Existing companies from other member states may be merged into an SE in Cyprus without any tax cost, since Cyprus has fully implemented the EU Mergers Directive. To further facilitate inward investment, the Ministry of Commerce, Industry and Tourism has established a 'one stop shop' Foreign Investors Service Centre tasked with coordinating and simplifying potential investors' dealings with the authorities.

Admission of Foreign Investment

In General

Except in a few sectors in which overseas participation is limited on public interest grounds, foreigners wishing to register a company in Cyprus or to buy shares in a Cyprus company may do so freely.
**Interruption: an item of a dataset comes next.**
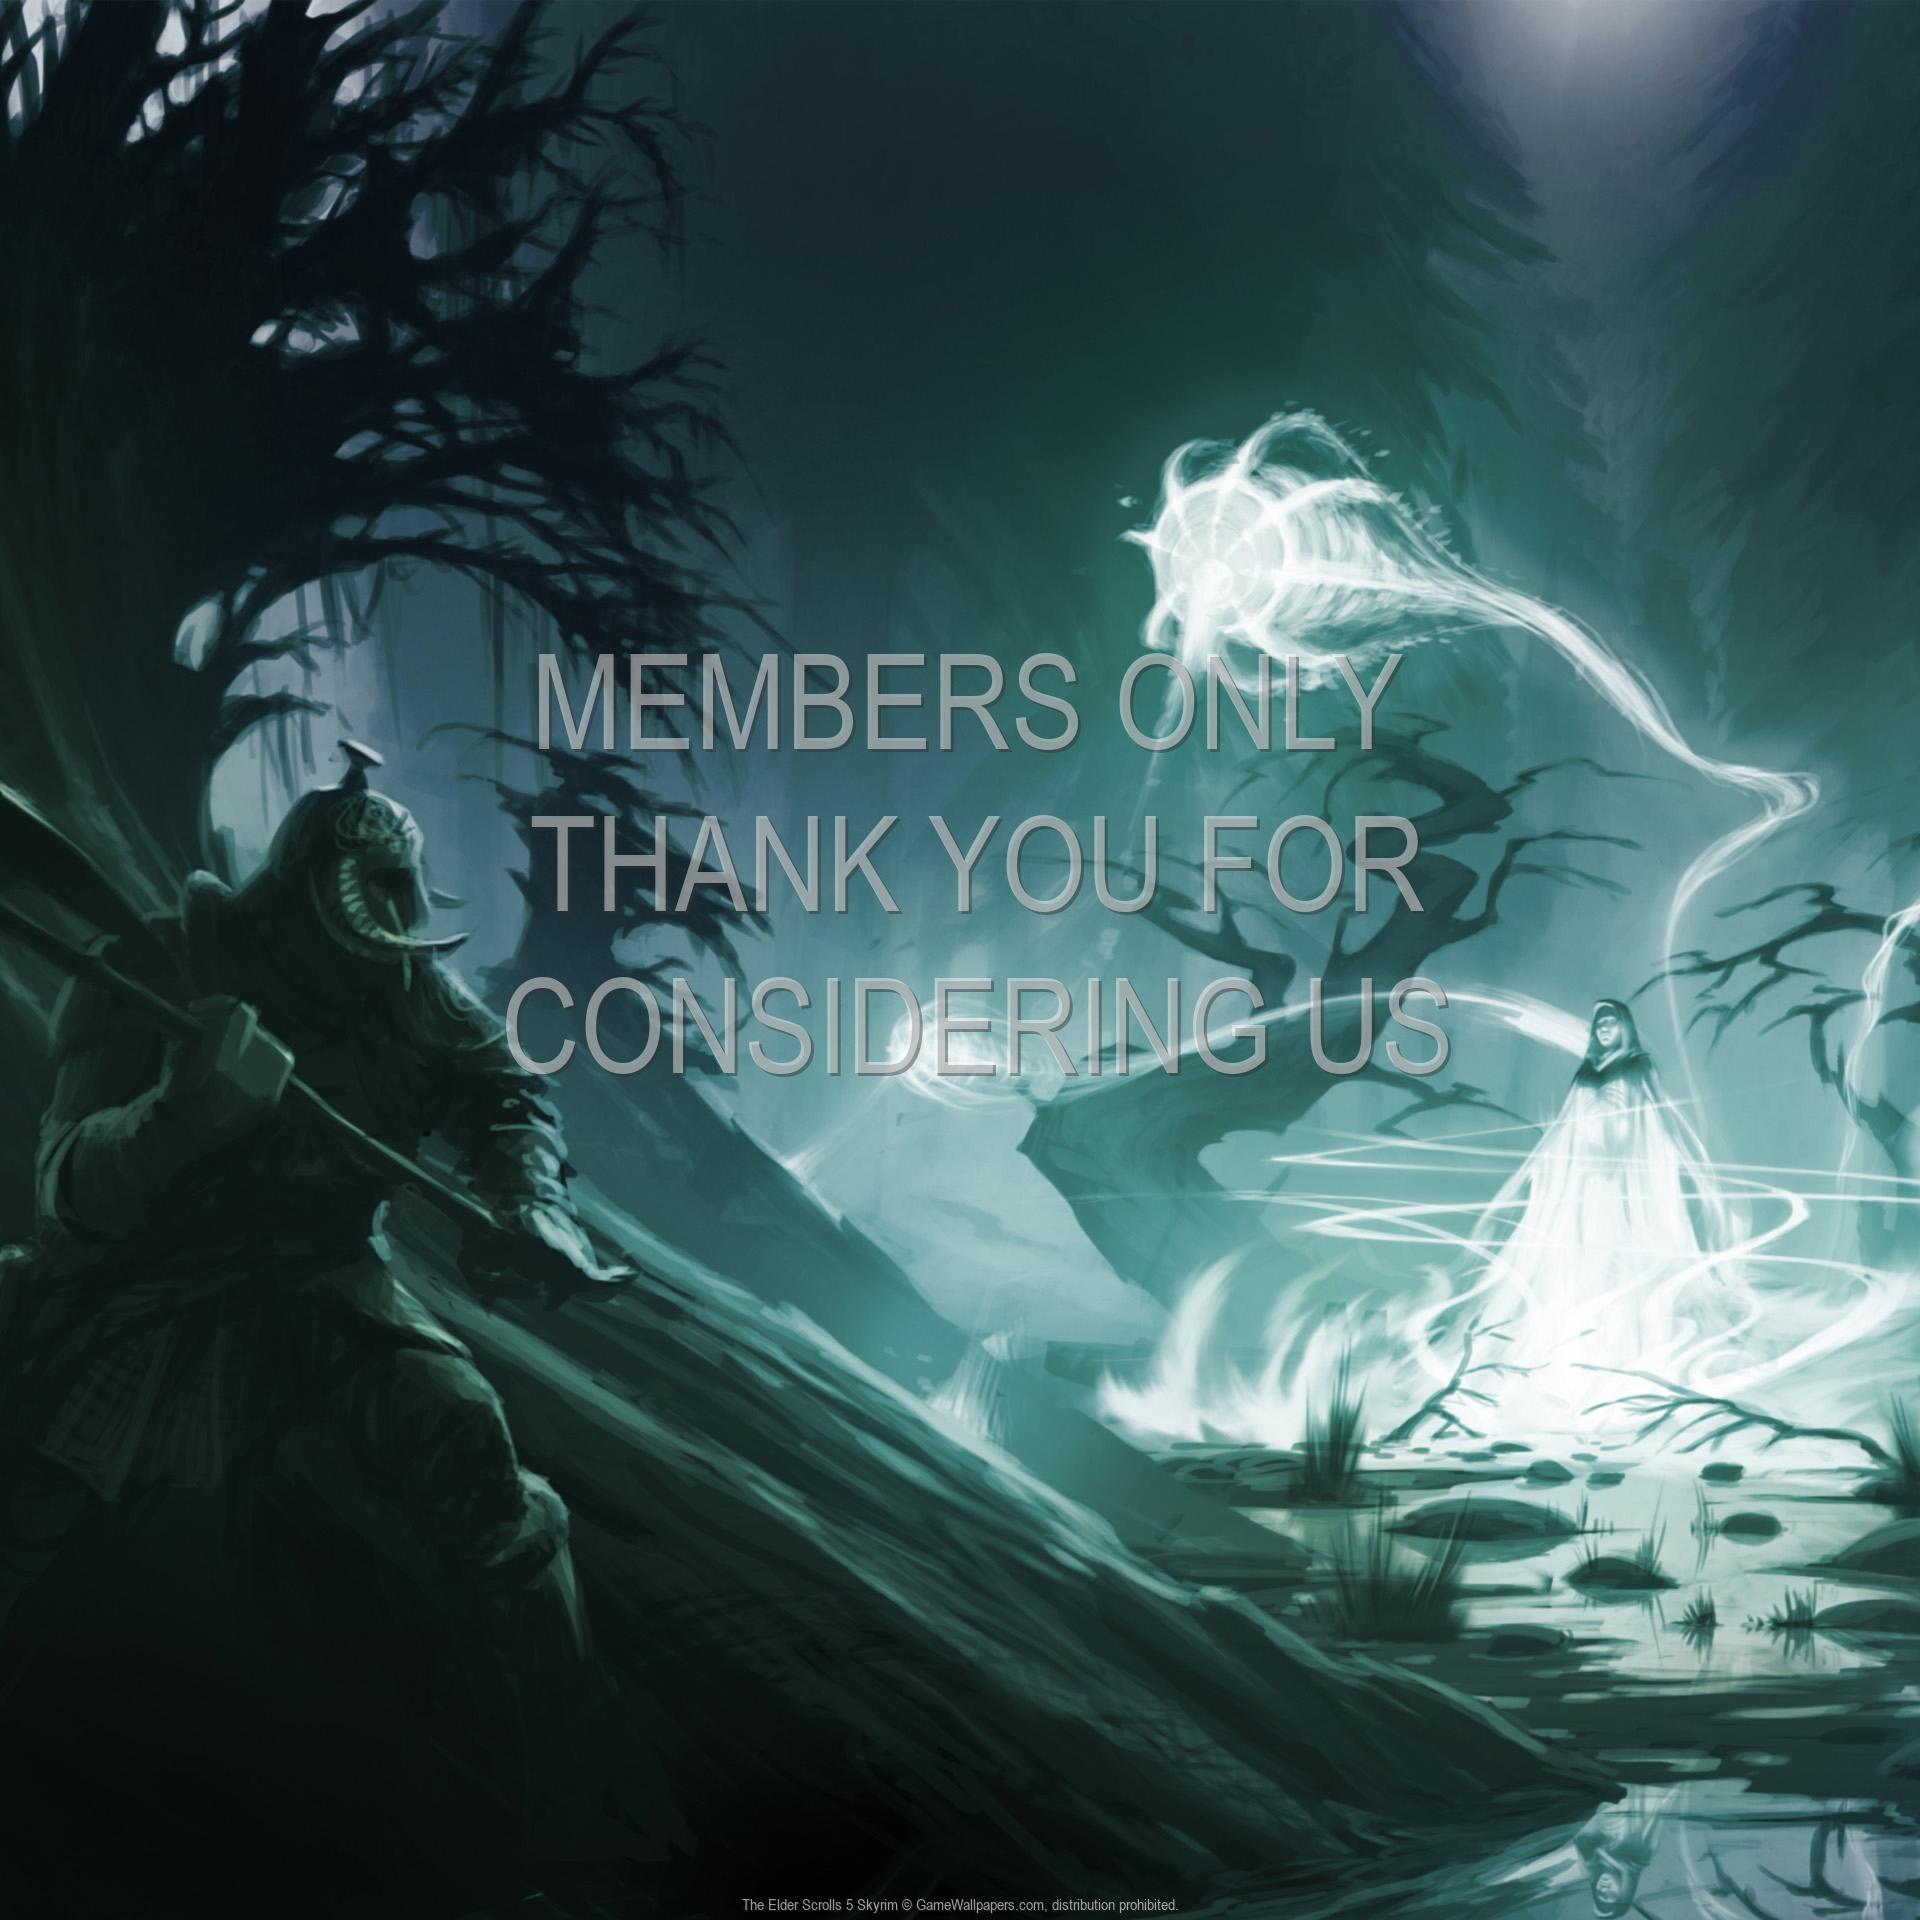 The Elder Scrolls 5: Skyrim 1920x1080 Handy Hintergrundbild 06

Investment by European Union Residents

All restrictions relating to the minimum level of investment and the maximum allowable percentage of participation in companies were abolished in 2000 in relation to resident citizens (whether individuals or corporate bodies) of the member states of the EU and the European Economic Area (EEA).

Restrictions on the acquisition of immovable property were removed in 2009 after a five-year transition period and the only remaining restrictions apply to regulated sectors such as financial services and the healthcare sector.

Investment by Non-European Union Residents

In General

Foreign direct investment in Cyprus from non-EU countries was fully liberalized with effect from 1 October 2004. Minimum investment amounts and maximum participation percentages were generally abolished, allowing third-country citizens to invest on the same terms as EU citizens, with the following exceptions:

  • Non-EU entities (persons and companies) may purchase only two real estate properties for private use. This restriction does not apply if the investment property is purchased through a domestic company or a company incorporated elsewhere in the EU.
  • Non-EU entities cannot invest in the production, transfer, and provision of electrical energy. Additionally, the Council of Ministers may refuse granting a license for investment in hydrocarbons prospecting, exploration, and exploitation to a third-country national or company if that third country does not provide similar treatment to Cyprus or other EU member states.
  • Individual non-EU investors may not own more than five percent of a local television or radio station, and total non-EU ownership of a local TV or radio station is restricted to a maximum of 25 per cent.
  • The right to register as a building contractor in Cyprus is reserved for citizens of EU member states. Non-EU entities are not allowed to own a majority stake in a local construction company, but may bid on specific construction projects after obtaining a license from the Council of Ministers.
  • Non-EU entities cannot invest in private tertiary education institutions.

Economic Citizenship Program

Cyprus has an 'economic citizenship' program, granting accelerated citizenship to applicants who make substantial investments in Cyprus (above €2 million) or who are substantial shareholders of a company incorporated and doing business in Cyprus, the principal offices of which are situated in Cyprus, which employs at least ten Cypriot citizens and which has paid at least €500,000 per year to public revenues over the preceding five years.

Up to two applications for naturalization may be submitted in respect of each such company. The applicant must also have a clean criminal record and be the owner of a permanent residence in Cyprus with a value of €500,000 or more.